合成静電容量の公式には、コンデンサが直列接続のときの合成静電容量を求める公式と、コンデンサが並列接続のときの合成静電容量を求める公式があります。
コンデンサが直列接続のときの合成静電容量の公式
次の図のように、コンデンサが $n$ 個直列接続されている回路があるとします。
この回路の合成静電容量 $C_0$[$ \mathrm{F} $]を求める公式は、次のようになります。
$\dfrac{1}{C_0} = \dfrac{1}{C_1} + \dfrac{1}{C_2} + \dfrac{1}{C_3} + \cdots + \dfrac{1}{C_n}$
この式は、ただ足しているように見えますが、何か違いますよね?
静電容量の値をひっくり返したもの(逆数)を足しています。
コンデンサが直列に接続されているときの合成静電容量は、このようにそれぞれのコンデンサの静電容量の逆数を足して求めます。

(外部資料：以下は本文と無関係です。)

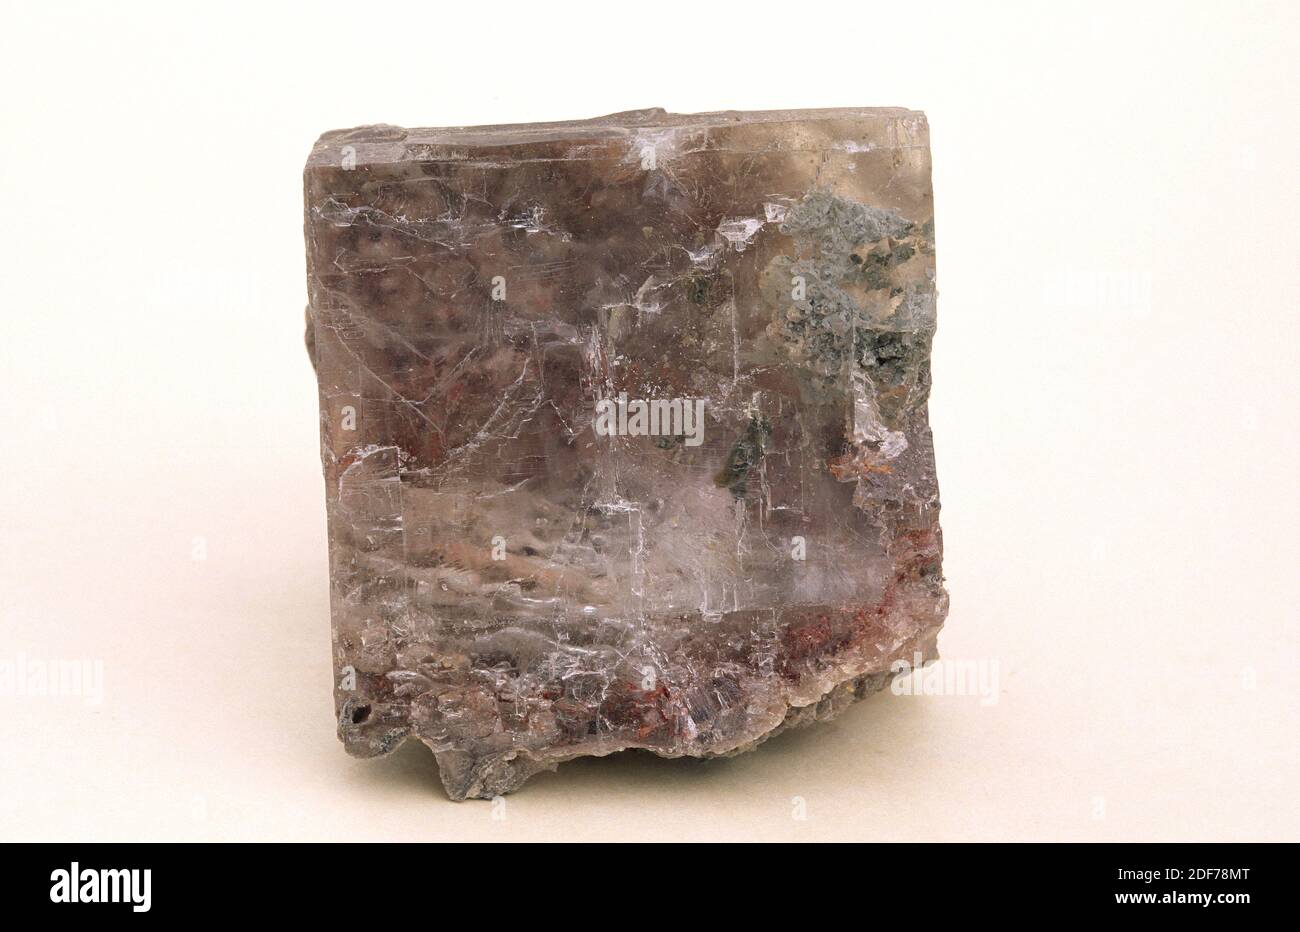 Halite or rock salt is a sodium chloride mineral. Sample. Stock Photo

ここでちょっと注意ですが、直列接続されたコンデンサの合成静電容量を求めるときに和分の積がよく使われます。和分の積は、直列接続されたコンデンサが2つのときに使える公式で、コンデンサが3つ以上のときは使えません。つまり、
ということになります。間違っておぼえてしまっている人が多いので注意しましょう!
ちなみに、和分の積は、
直列接続の合成静電容量の公式: $\dfrac{1}{C_0} = \dfrac{1}{C_1} + \dfrac{1}{C_2} + \dfrac{1}{C_3} + \cdots + \dfrac{1}{C_n}$
を、コンデンサ2個だけで考えたときの式そのまんまなんです。コンデンサ2個だけだと、
$\dfrac{1}{C_0} = \dfrac{1}{C_1} + \dfrac{1}{C_2}$ 、 $\dfrac{1}{C_0} = \dfrac{C_1 + C_2}{C_1 \times C_2}$
分母と分子をひっくり返して、 $\therefore C_0 = \dfrac{C_1 \times C_2}{C_1 + C_2}$
ねっ? 和分の積になっていますよね。
それから、もう一つ気を付けてほしいのは、直列接続の公式を使うときに右辺だけを計算して合成静電容量だ!としないようにしましょう。
公式の左辺も逆数になっているので、右辺を計算した後にひっくり返さなければなりません。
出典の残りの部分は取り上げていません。